Calif-Sherry...I want to tell you not to feel shame re this, and yet I know how that feels.  I don't want to over dramatise but it must be something like being branded; totally not our fault yet shameful to see.  I never put it is those words before but I feel that way also.

Pam

It is controversial.  Many studies indicate that survival rate is no longer if you find a met in it's tiniest form than (by a scan of some type) when you find it secondary to symptoms.  I was chatting with a lady on this board and she was dx'd the same day I was (almost 3 yrs ago) and the same stage, etc.  Her MD ordered routine bone and C/T scan at two years out and she had mets to her vertabrae.  Very tiny.  And they are treating it with this cool new drug that she gets once a month and it seals off the mets and starves them.  That sounded smarter to me than waiting til you get symtoms (a vertabra imploding?) so I asked my MD for same scans.  Oh, forgot to say, she felt fine prior to met dx.  Anyway, mine were fine.  But I think I will ask for them every 2 yrs or so just in case.  If you go to the recurrance thread there is a lot of info there.
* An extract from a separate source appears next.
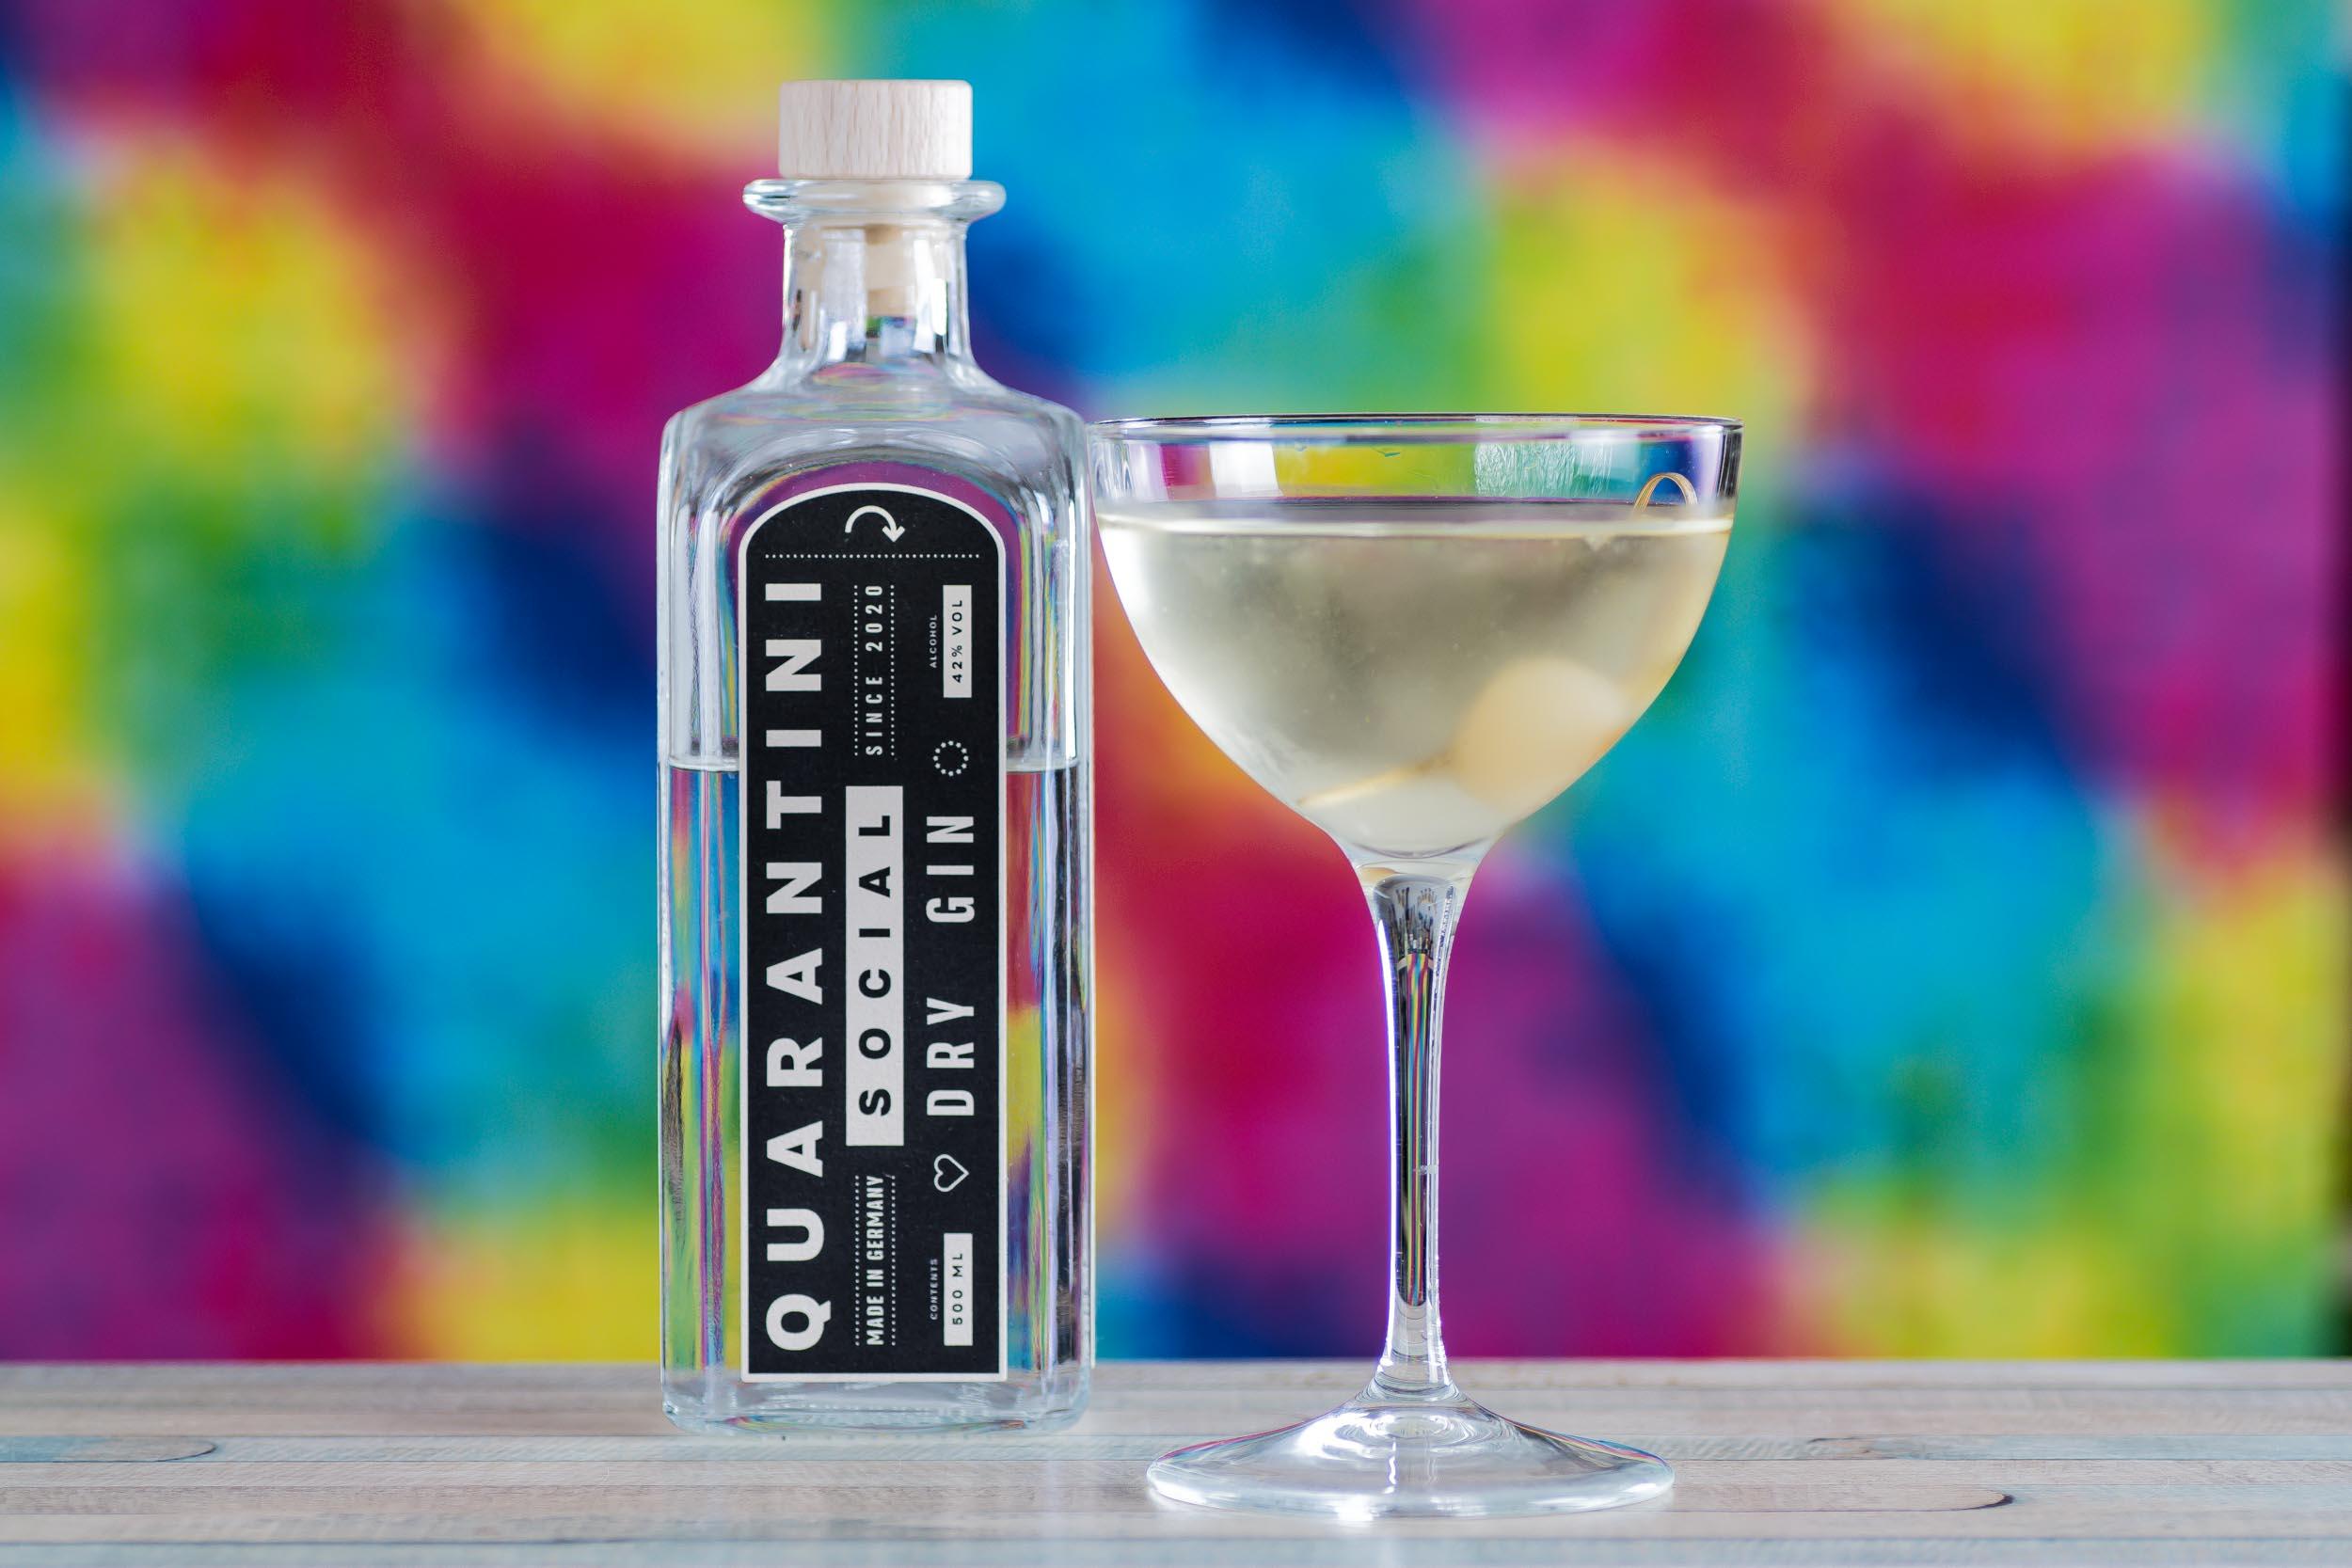 Ein Pandan Gibson Martini mit Quarantini Social Dry Gin.

If you had no chemo, no rads, your disease must have been pretty small (I know, no disease is small to the woman  who has it), so you are probably okay.  I really, really recommend a book called "Cancer Made Me a Shallower Person"  It is hilarious but pretty insightful too. and the lady who wrote it had hardly any tumor, and by the end of the book had mets.  It is just a secretive, shitty disease that you never can predict.   Get the book, you will love it.  I got it from library.  If I have already recommended it to you...sorry....gool ole chemo brain.

Hi kelly... a fellow canuck... where do you live...I am in bc... sounds like we have similar problems....

pam... you are getting everything redone for $10,000 in no... wow I thought it was like $70,000  . what exactly are you getting done.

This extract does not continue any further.